Sarah Penna is a dynamic artist who feels most at home deep in the intersection of education, the arts, and the natural world. She synergizes her love of Nature, Music, and Community in all corners of her life, professionally and personally. With her heart and eyes wide open, she savors every new experience, collecting them each like tiles in the game of Life. Sarah is many things; a New Englander, lover, daughter, poet, singer, park ranger, Girl Scout, forest bather, herbalist, gardener, and more, but above all she is unabashedly herself.
Gavin Black is best known for his recordings of seventeenth-century keyboard music on the PGM label. He studied organ and harpsichord with Paul Jordan and Eugene Roan, and conducting with Jahja Ling and Otto-Werner Mueller, and attended Princeton University and Westminster Choir College. He served as Associate University Organist at Princeton from 1977 to1979, while a student there, and was Organist and Senior Choir Director at Hillsborough Reformed Church, Millstone, New Jersey, from 1988 until 1994. He has been a teacher of organ, harpsichord, clavichord and continuo-playing since 1979, teaching from time to time at Westminster Choir College and at the Westminster Conservatory of Music. He currently writes a monthly column on organ and harpsichord teaching for The Diapason.

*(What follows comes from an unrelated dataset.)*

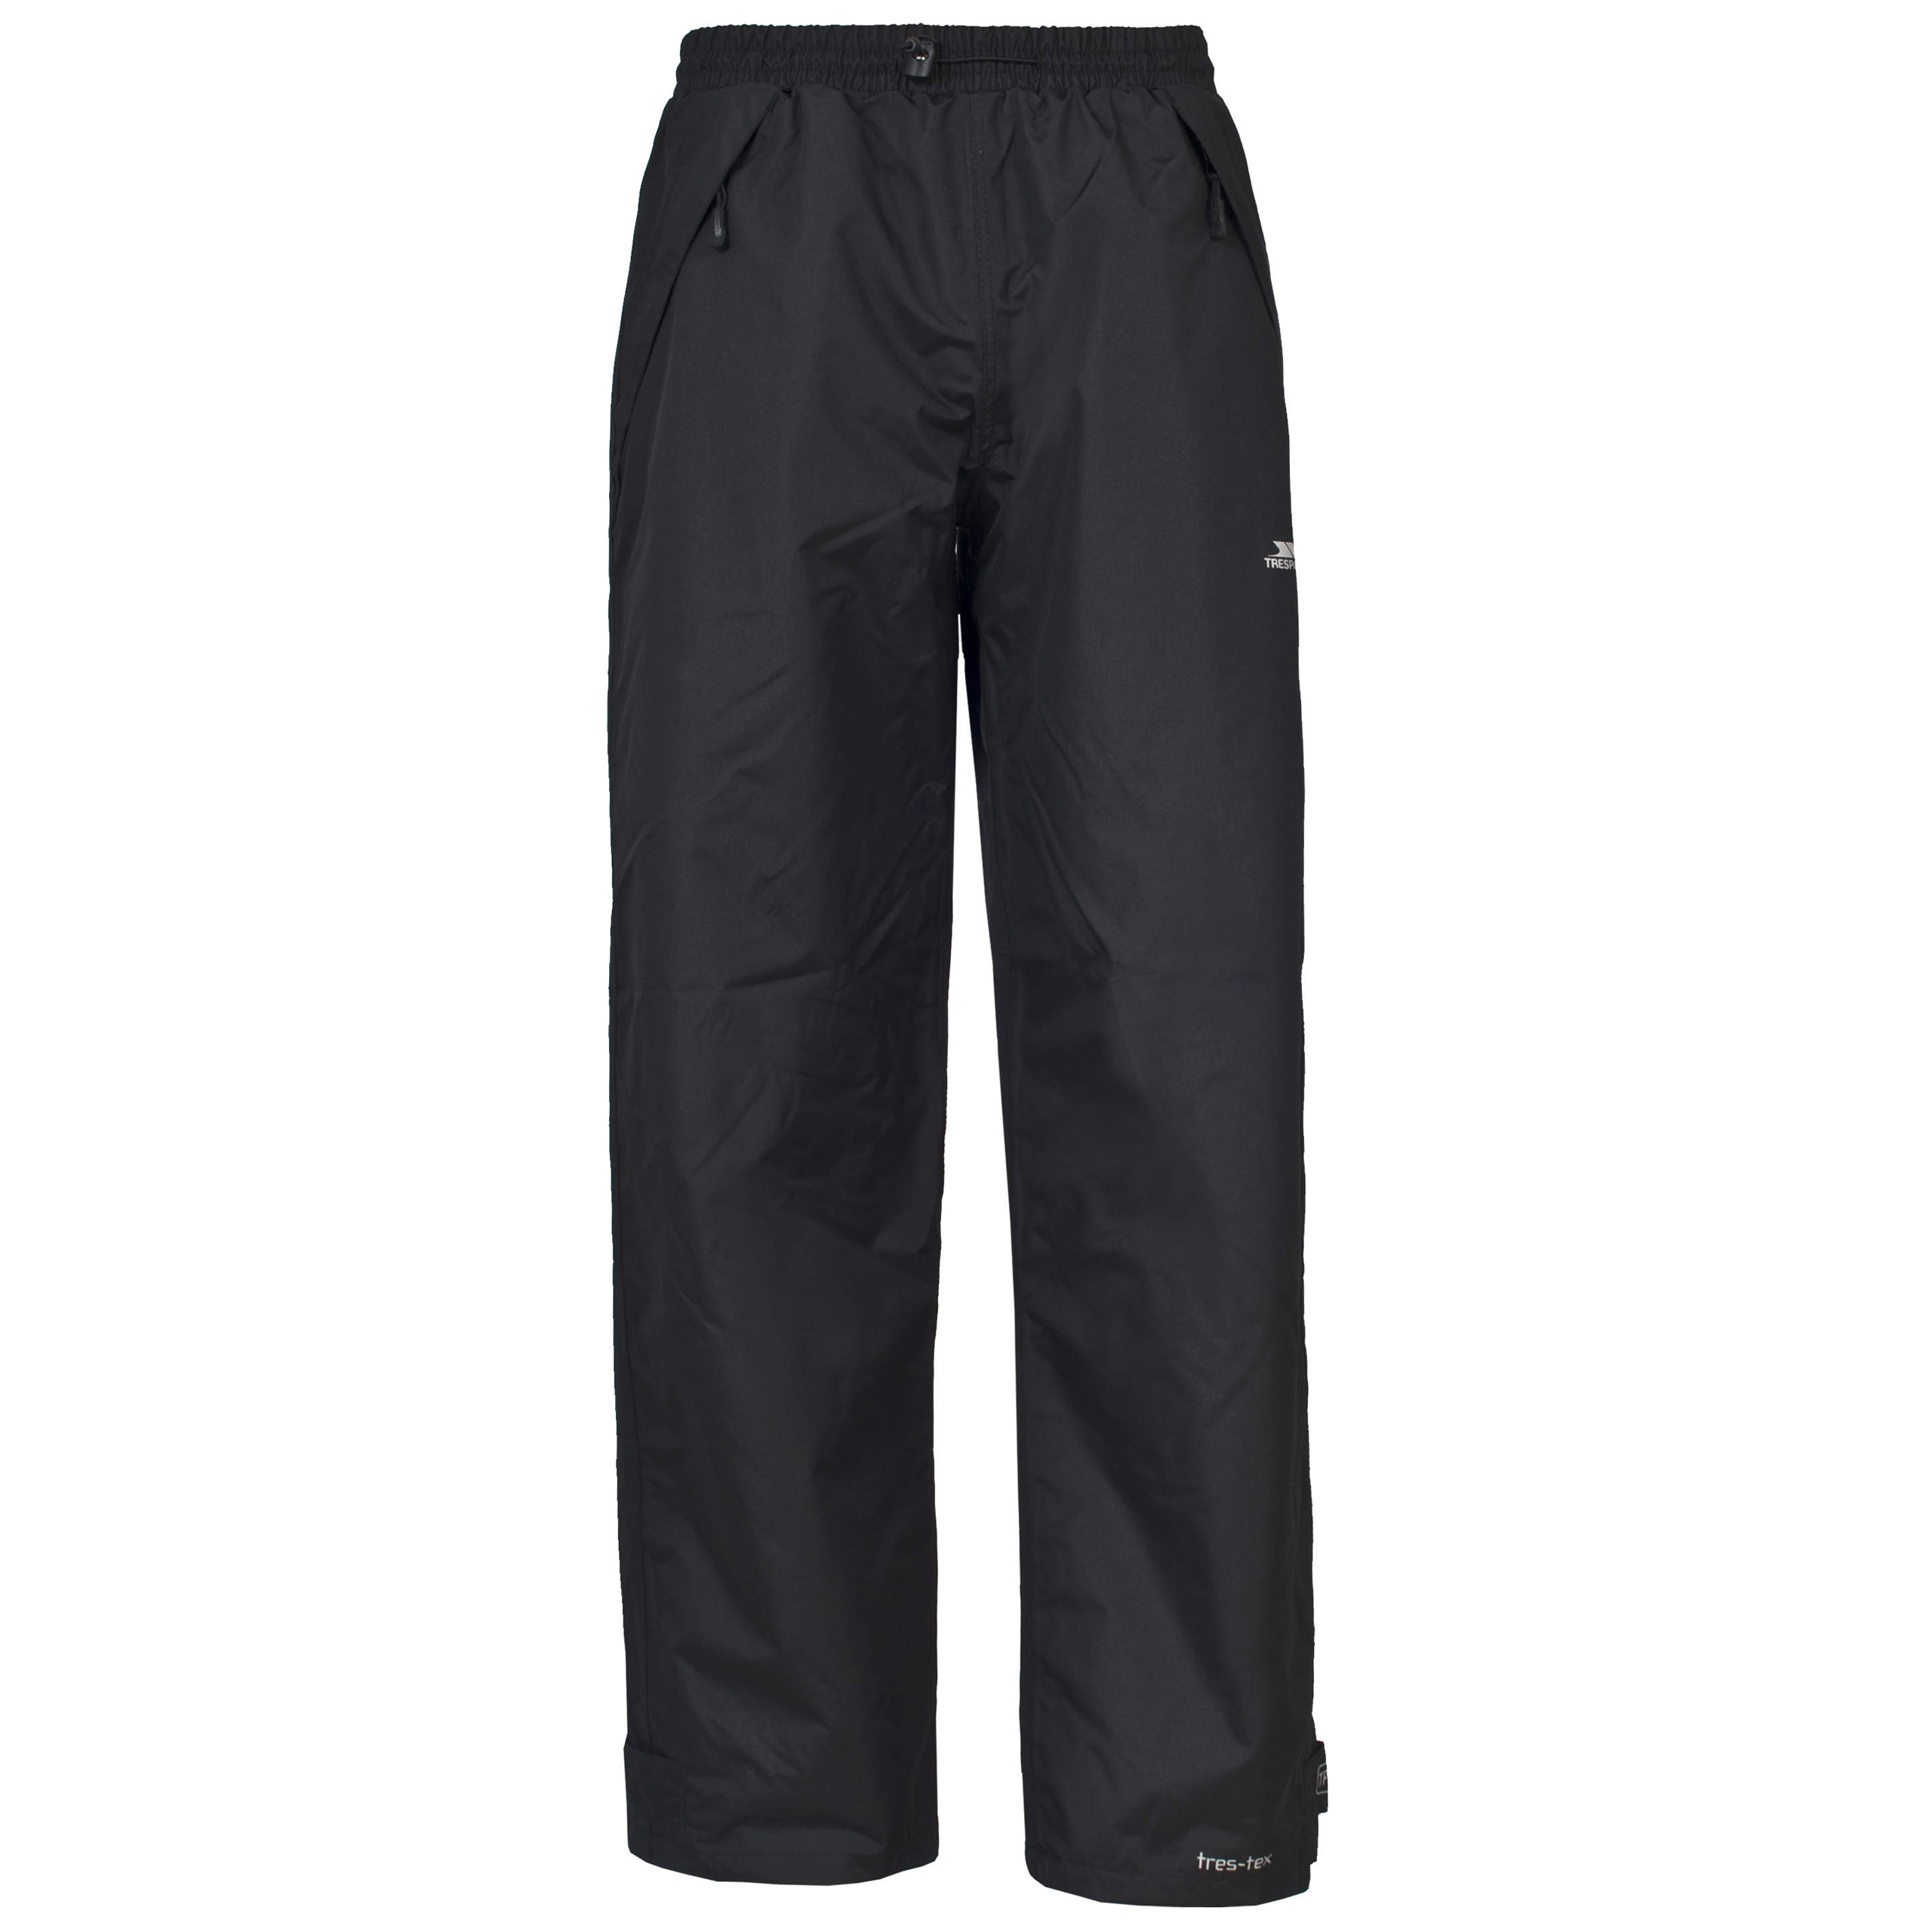 Trespass Womens Tutula Waterproof Trousers

As a performer, Gavin Black has focused on 17th-century keyboard music, especially music of Dutch, German, or Italian origin, and on the organ music of Bach, which he has performed in its entirety. In the year 2002 he performed Bach’s Art of the Fugue on the new organ at the Princeton Theological Seminary, and elsewhere. His recording of harpsichord music of Sweelinck, played on a Philip Tyre copy of a Ruckers transposing double was released in 2006 by Centaur Records and his recording of music of Frescobaldi played on a 17th century Italian harpsichord will be released soon. Gavin Black has also specialized in the music of the 20th-century American composer Moondog, recording a selection of his harpsichord music for the Musical Heritage Society in 1978. He has made a specialty of Bach’s Art of the Fugue, and has recently recorded that work in a version for two harpsichords, with George Hazelrigg (see The Art of the Fugue.com). In 2023 and beyond Gavin will be performing The Art of the Fugue in concert as a solo harpsichord work.
Gavin Black has also been a founding member of several chamber ensembles, including the Princeton Baroque Ensemble, Whitechapel Baroque, Channel Crossings, and Col Legno.